A one-off host-only smoke is not enough for either lane: it can prove plugin/login plumbing while missing shared runtime regressions in gate handling, rejection routing, or merge-hook guards. The shared scenarios run real headless hosts, observe output, and check resulting workflow state; jsonl, stderr, and final-message artifacts upload for debugging.
Task Template¶
---
id:
title: Task name here
status: backlog
source:
started:
completed:
verdict:
score:
worktree:
issue:
---
Brief description of this task and what it aims to achieve.
## Problem
{What is broken or missing, and why it matters. Ideation fills this in.}
## Proposed approach
{How the task intends to solve the problem. Ideation fills this in.}
## Out of scope
{What this task deliberately does not cover, so the boundary is explicit.}
## Acceptance criteria
Each AC names a property of the finished entity, not a stage action, and how it is verified.
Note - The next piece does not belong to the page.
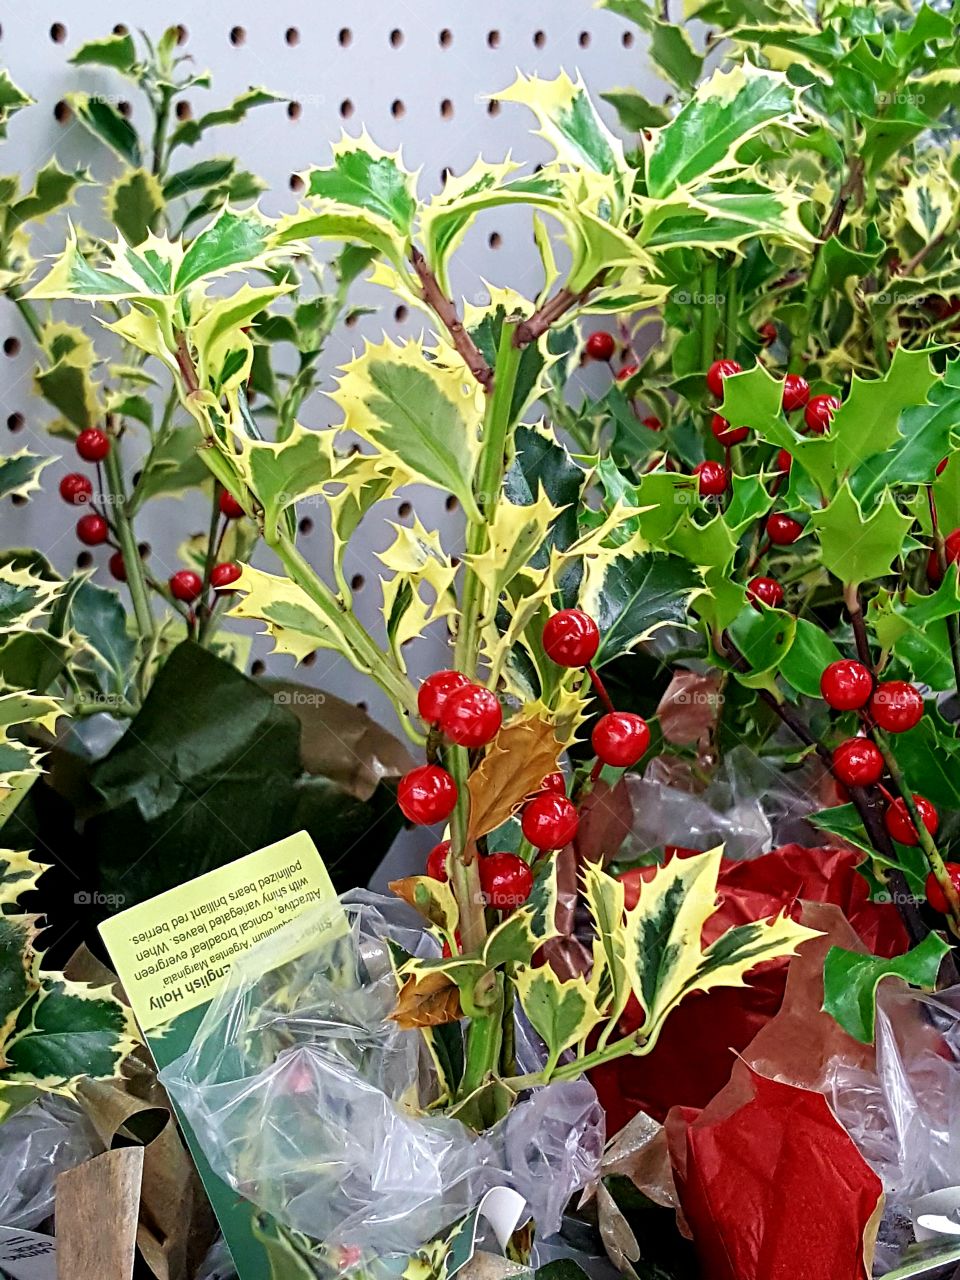 I wasn't sure if this holly I found at the store was real; it was so fake looking. Just the berries are fake though.
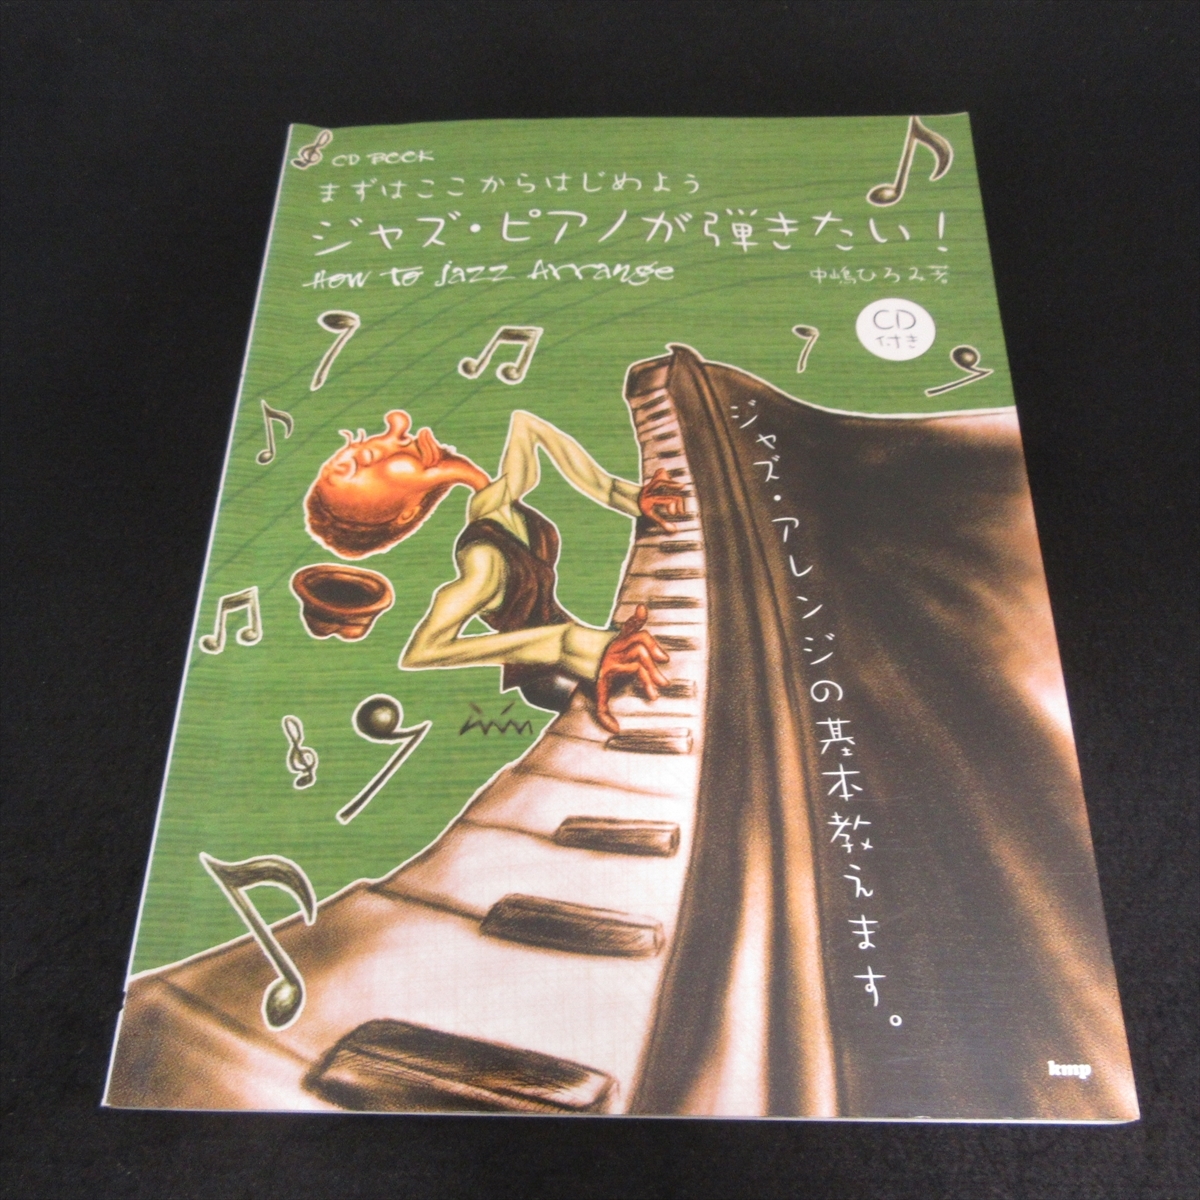 CD attaching ( unopened ) JAZZ piano manual [ first of all from here let's start Jazz piano ... want!] # sending 170 jpy middle ....kmp * use impression equipped musical score *

**AC-1 - {End-state property.}**
Verified by: {test name / command output or exit code / file the change produces / resulting on-disk state — something outside this task body that a future reader can reproduce and that can fail.}
## Test plan
{What verifies the implementation, estimated cost/complexity, and whether fixture, CLI, or live workflow tests are needed.}
Testing Resources¶
Validation pilots should use these when verifying implementation work:
| Resource | Command or Path | Covers |
|---|---|---|
| Go unit suite | go test ./... |
CLI routing, parser behavior, status implementation, fixtures |
| Race-enabled Go suite | go test ./... -race |
Concurrency hazards in Go code when relevant |
| Launcher help smoke test | go run ./cmd/spacedock --help |
Basic command entrypoint behavior |
| Launcher version smoke test | go run ./cmd/spacedock --version |
Basic version output behavior |
| Status validator | spacedock status --workflow-dir docs/dev --validate |
Spacedock entity-contract validation |
| Status table | spacedock status --workflow-dir docs/dev |
Status enumeration output |
| State behavior extension | docs/specs/state-behavior-extension.md |
Split-root state semantics and external tracker bridge principles |
| Bootstrap roadmap | docs/roadmap/bootstrap-roadmap.md |
Stage-specific required tests |
Validators should pick the smallest test surface that proves the claim. Use Go unit tests for package behavior, golden fixtures for stable command output, and live workflow smoke tests only when the runtime integration itself is the claim.
Commit Discipline¶
- Commit state changes at dispatch and archive boundaries.
- Commit task body updates when substantive.
- Keep main repo changes and
.spacedock-statechanges in their respective git repositories.